By Don Sampen
Clausen Miller, P.C.
The Illinois Supreme Court, over dissent, recently reaffirmed the principle that an original action for a writ of prohibition is not to be used as a substitute for an appeal in pending litigation. Edwards v. Atterberry, 2019 IL 123370.
A jury found the petitioner, Edwards, guilty of two misdemeanor violations of the Timber Buyers Licensing Act, 225 ILCS 735/1 et seq. Specifically, he was charged with the offense of unlawfully acting as a timber-buying agent for multiple licensed timber buyers.
Following conviction he filed a motion with the Supreme Court for a supervisory order and for leave to file a complaint for a writ of prohibition. Essentially he sought to establish that he was charged with violating regulations and not a statute defining a criminal offense. He claimed, therefore, that the trial court lacked subject-matter jurisdiction. The relief he sought was directed against the trial court judge, Judge Michael L. Atterberry, of the Menard County Circuit Court.
As an initial matter, the Supreme Court denied the motion for a supervisory order but granted Edwards leave to file a complaint for a writ of prohibition with the Court. Pending disposition of the complaint, the Court stayed the circuit court proceedings, including the conducting of a sentencing hearing.
Following briefing, Justice Rita B. Garman, writing for the Court, denied the writ. She began by noting that a writ of prohibition lies to prevent a judge from acting where he or she has no jurisdiction to act or to prevent a judicial act beyond the scope of a judge's legitimate jurisdictional authority.
The four requirements for the writ, according to Garman, are that (a) that the action to be prohibited be of a judicial or quasi-judicial nature; (b) the writ be directed against a tribunal of inferior jurisdiction; (c) the action being prohibited be outside the tribunal's jurisdiction, or if within its jurisdiction, beyond its legitimate authority; and (d) no other adequate remedy be available to the petitioner.
Garman focused just on the fourth requirement, concerning the available of an alternative remedy. She noted Edwards’ argument that the circuit court had already ruled that it had jurisdiction and, over his objection proceeded to trial.
Edwards claimed that he now could be sentenced to jail and that, based on his conviction, the Department of Natural Resources had already initiated proceedings against his license. He thus contended that he would be subject to irremediable harm if he were required to press his claim through the normal appellate process.
Garman observed, however, that Edwards' time to appeal had not expired, that the normal appellate process was fully available to him, and that original actions of prohibition could not be used to circumvent the normal appellate process. Rather, the remedy was available only in rare instances where none of the ordinary remedies were available or adequate.
As for Edwards' complaints that his timber buyer's license could be adversely affected and his livelihood harmed, Garman found that he was essentially complaining of collateral consequences that may occur pending appeal, and that such consequences can attend any normal appellate process.

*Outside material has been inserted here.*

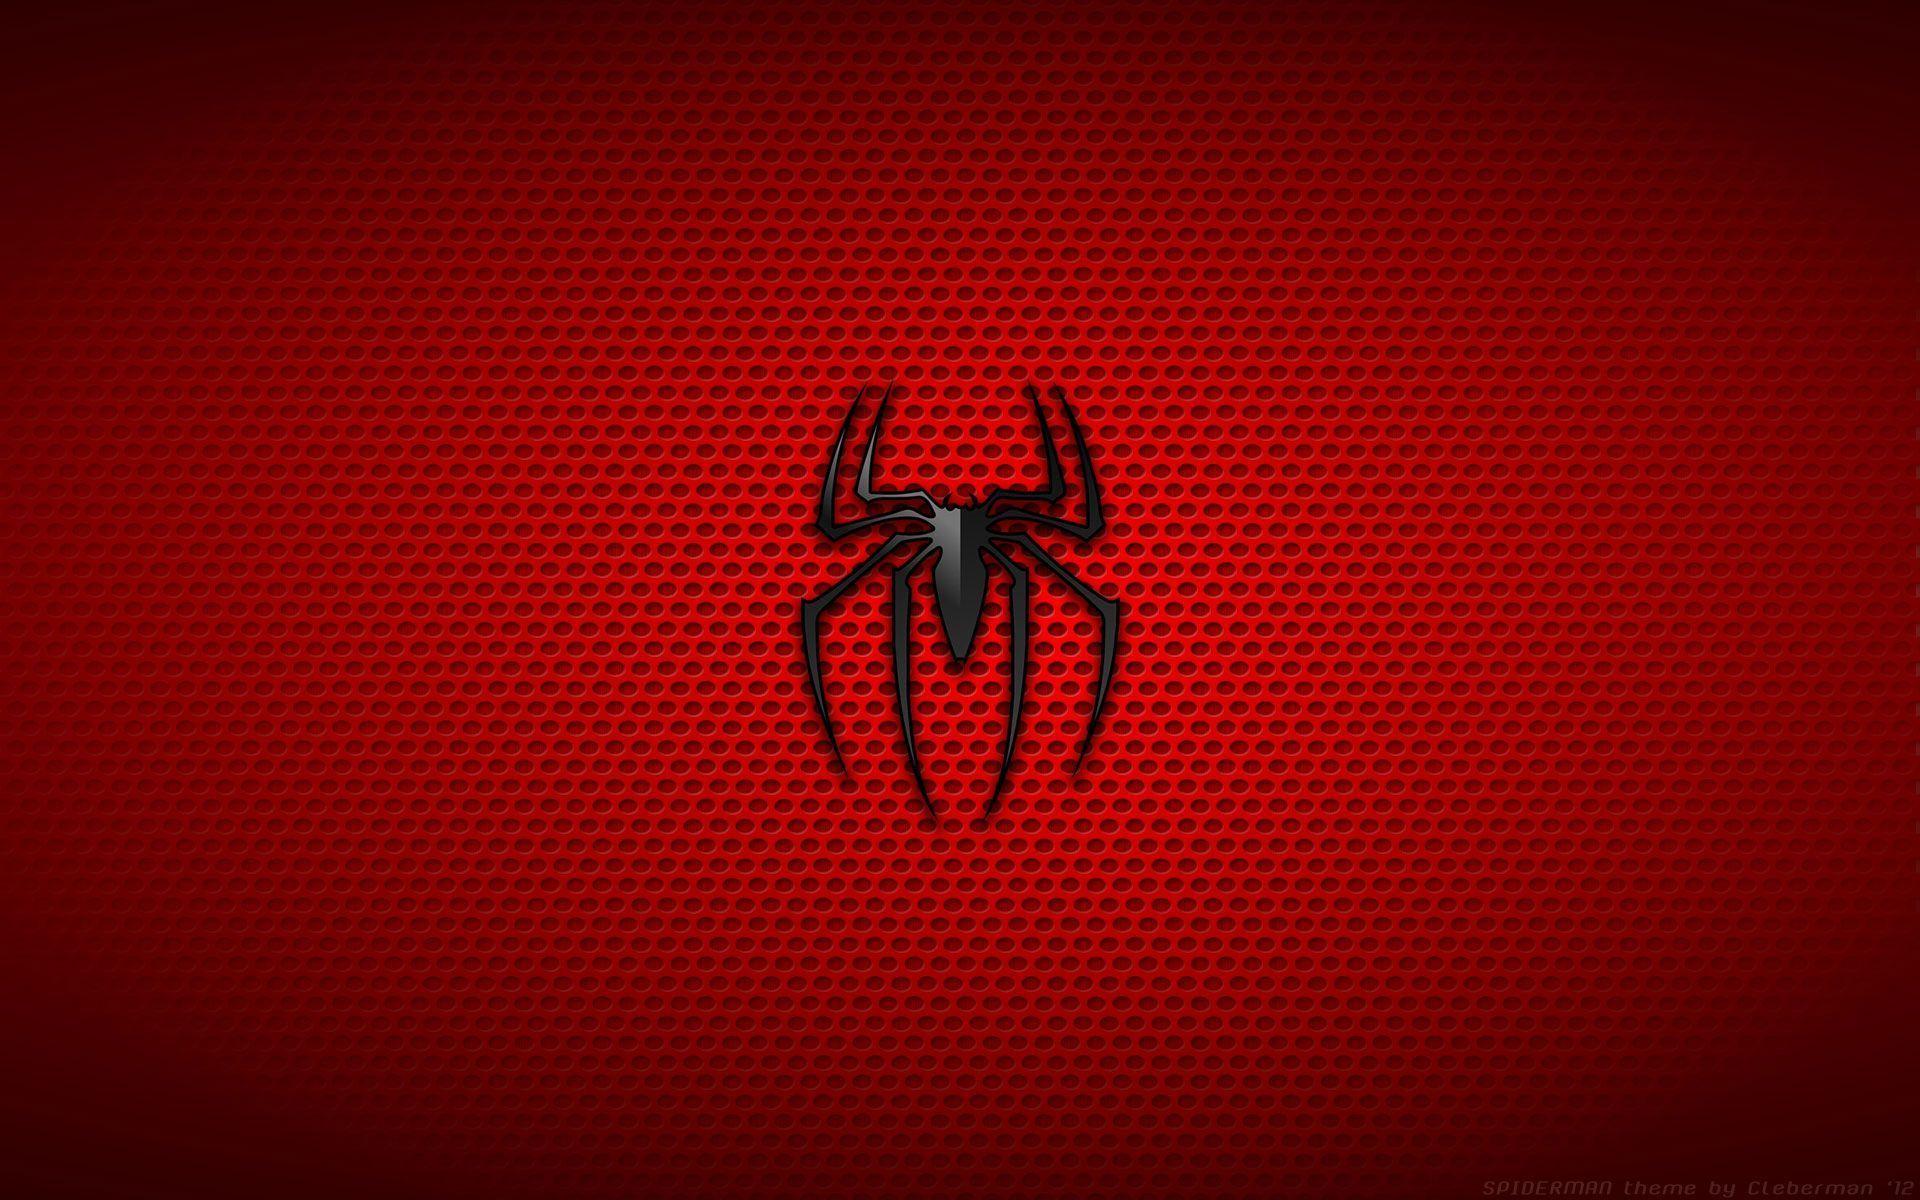 spiderman logo hd wallpaper 1920x1080 via classy bro cool

The trial court, in any event, had not ordered that his license be revoked, he offered only a vague portrayal of the situation surrounding his timber buyer's license, and he provided no documentation of the license revocation proceedings. Under these circumstances, Garman said that Edwards had not demonstrated irremediable harm.
In sum, the Court found that Edwards had failed to demonstrate the requirement that an appeal of his conviction did not provide him an adequate alternative remedy. Hence, the Court denied issuance of the writ.
Justice Thomas L. Kilbride dissented. He argued that Edwards had been convicted of a regulatory offense that does not exist and that he had not even violated the regulation relied on by the state. Kilbride therefore argued that the Court should exercise its supervisory authority to direct the circuit court to vacate Edwards' convictions.
A petitioner seeking issuance of a writ of prohibition must meet all four traditional requirements for issuance of the writ, including the requirement that no other adequate remedy is available to the petitioner. Pursuing an appeal in the underlying litigation normally will constitute an adequate alternative remedy.